Epistemic infrastructure for AI scientists
Project description
Mareforma
Trust your AI agents' findings without taking them on faith.
Mareforma is the local store where research agents write their claims — signed, cross-referenced, and promoted when independent agents converge — so trust comes from evidence, not the agent's own confidence score.
Why
AI agents are being deployed on real research problems before any infrastructure exists to know which of their findings can be trusted. Tracing tools record what the agent did; they do not record what it means, whether it converges with independent evidence, or how far a conclusion is from its raw data. Without that structure, a silent pipeline failure, a prior-knowledge fallback, and a real result look identical.
Every primitive mareforma uses — Ed25519 signing, DSSE envelopes, Sigstore-Rekor transparency, GRADE evidence vectors, SQLite — already exists in mature form.

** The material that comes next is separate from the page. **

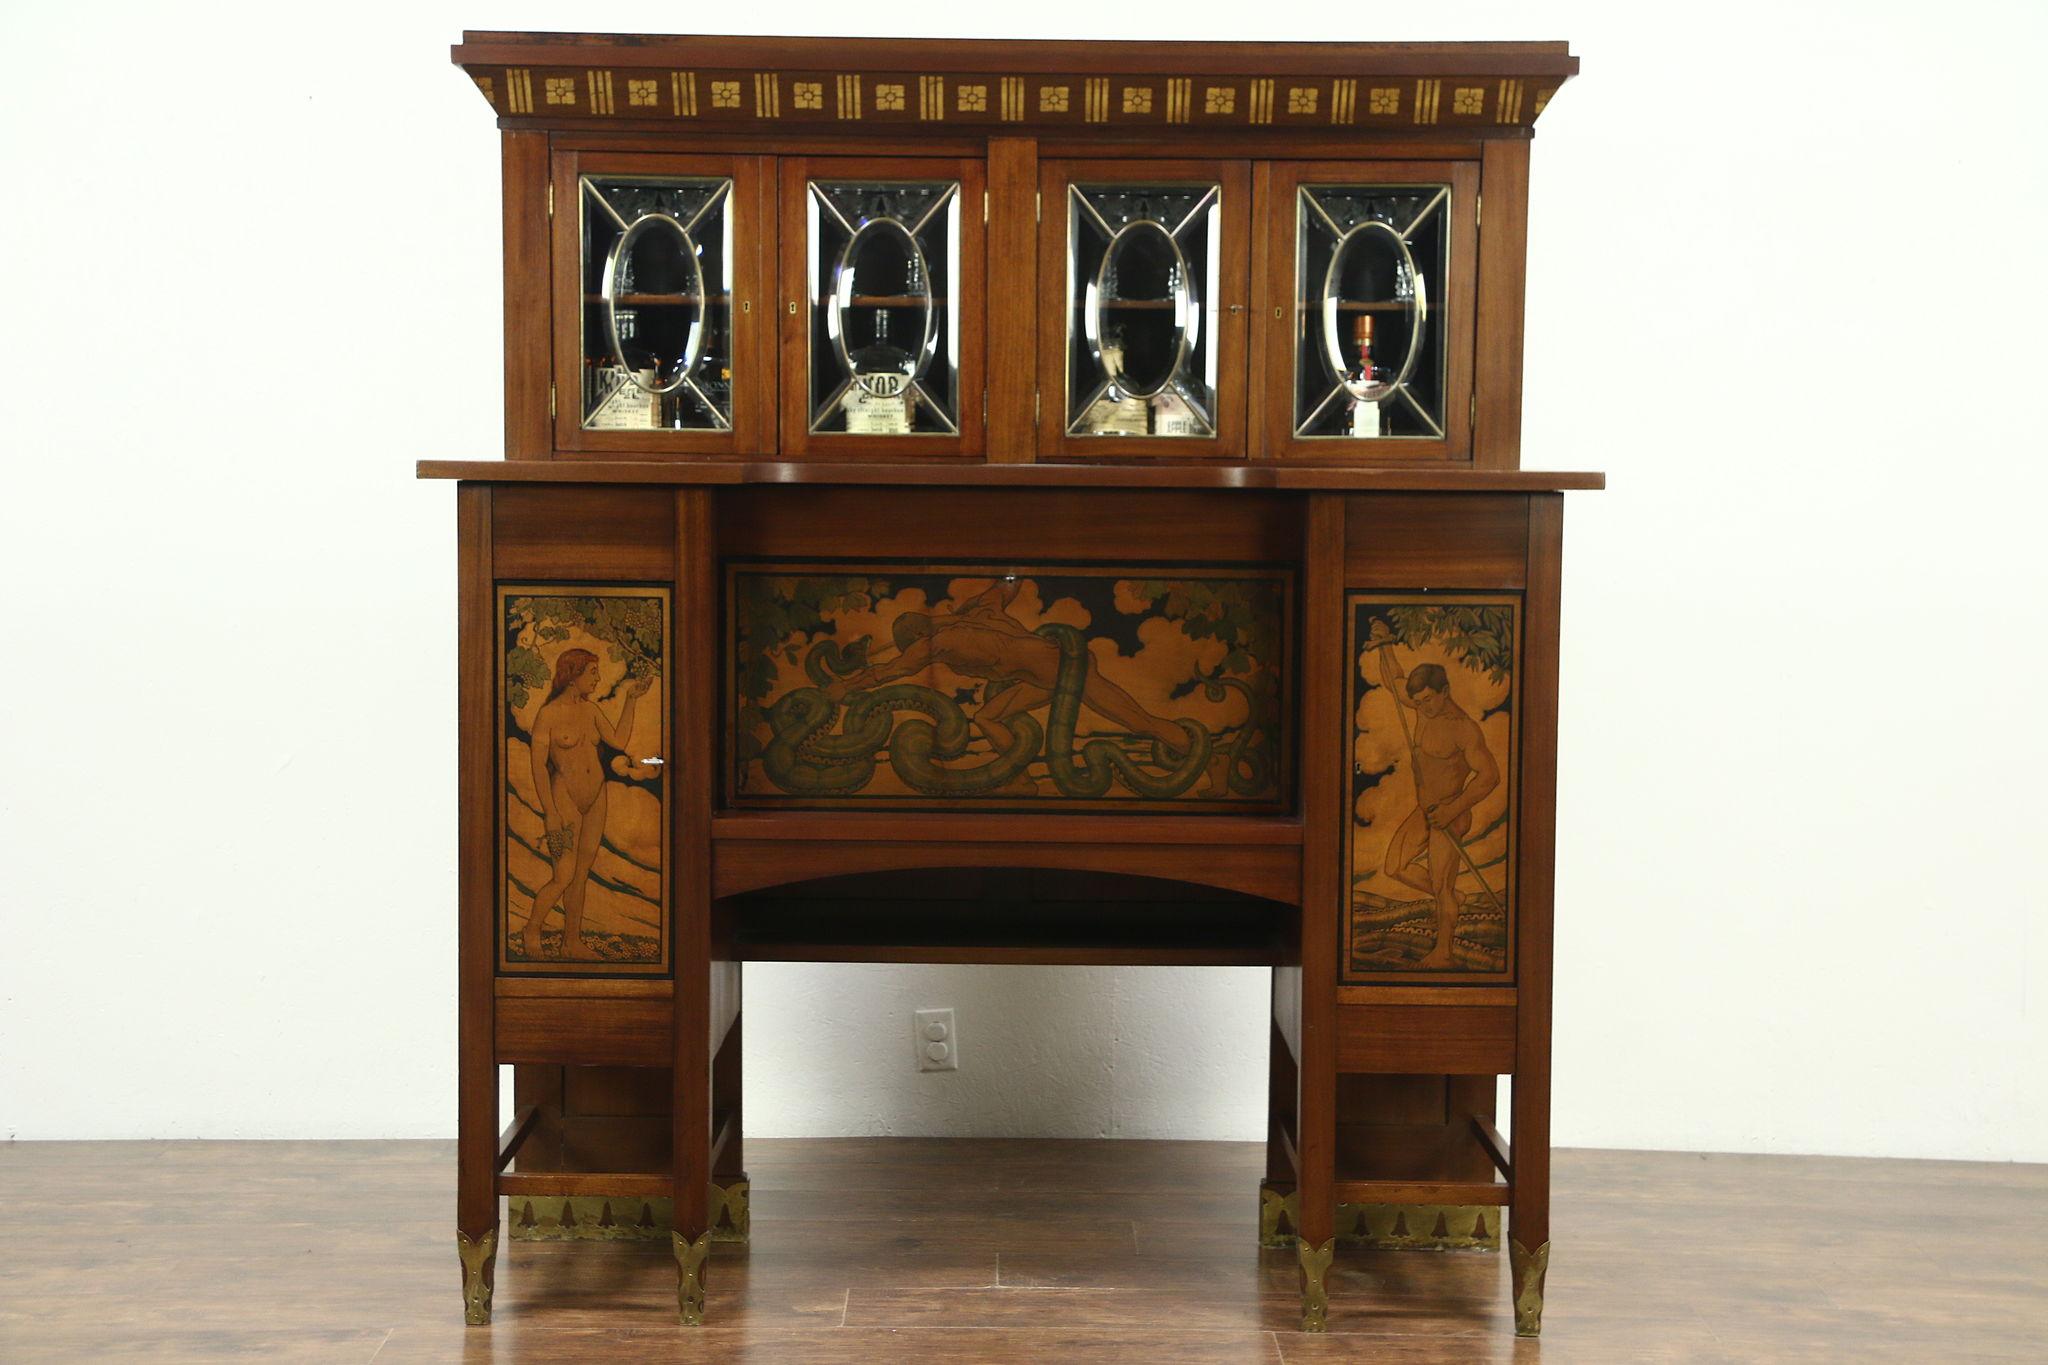 philadelphia artist art mixed craft museum show furniture of adam media crowell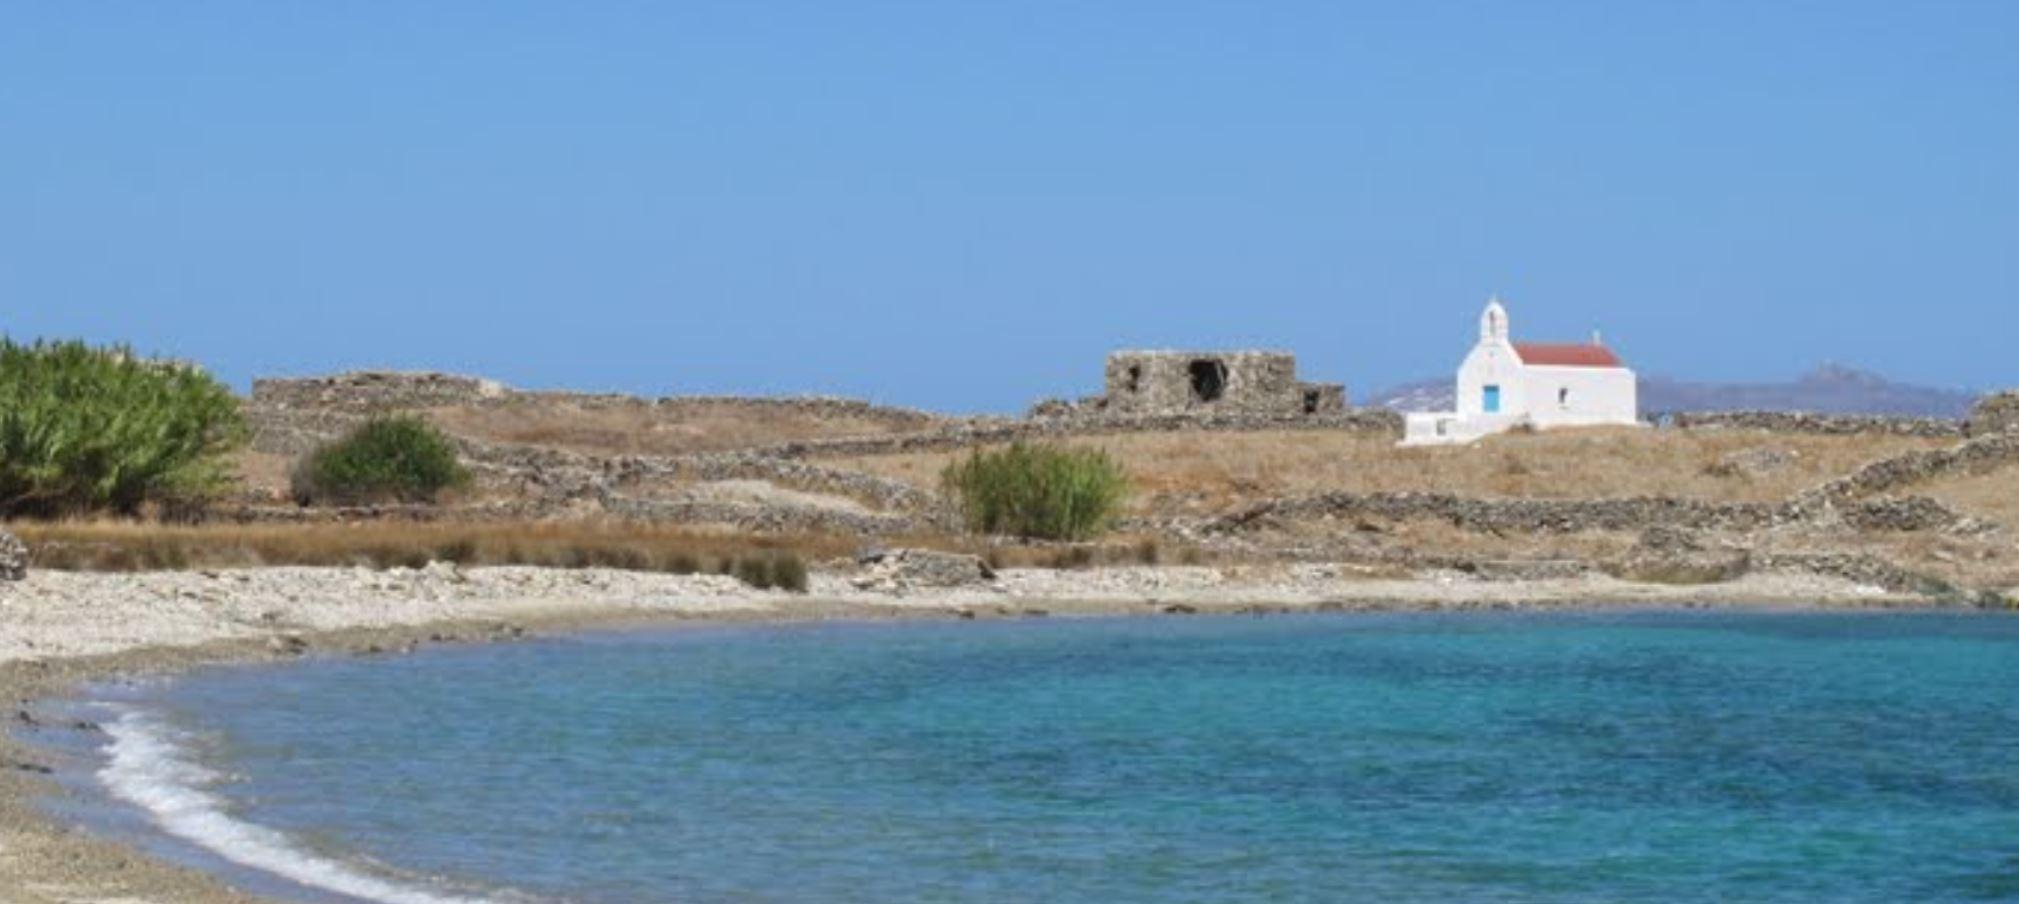 Rhenia island Church

What is missing in the OSS landscape is the combination: a runtime, opt-in Python library that bundles them as the place an agent writes claims to.
What it does
import mareforma
with mareforma.open() as graph:
# Query established prior claims. query_for_llm wraps text in
# <untrusted_data>...</untrusted_data> tags so a downstream LLM
# consumes it as data, not instructions.
prior = graph.query_for_llm("topic X", min_support="REPLICATED")

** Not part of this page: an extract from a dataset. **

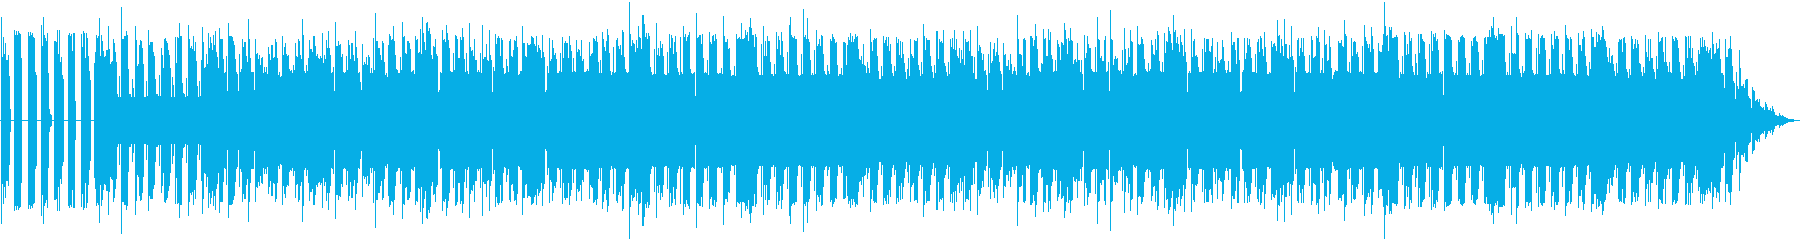 【8bit】敵城ドキドキボスキャッスルの再生済みの波形

claim_id = graph.assert_claim(
"Cell type A exhibits property X under condition Y (n=842, p<0.001)",
classification="ANALYTICAL",
generated_by="agent/model-a/lab_a",
supports=[c["claim_id"] for c in prior],
)
# Walk the full lineage of any claim: upstream + downstream + signatures
# + contradictions + verdicts in one deterministic dict.
lineage = graph.query_provenance(claim_id, depth=4)
graph LR
P(["ESTABLISHED upstream<br/>(prior literature)"]) --> A["ANALYTICAL · lab_a"]
P --> B["ANALYTICAL · lab_b"]
A --> R(["REPLICATED ✓"])
B --> R
R -->|"graph.validate()"| E(["ESTABLISHED ✓"])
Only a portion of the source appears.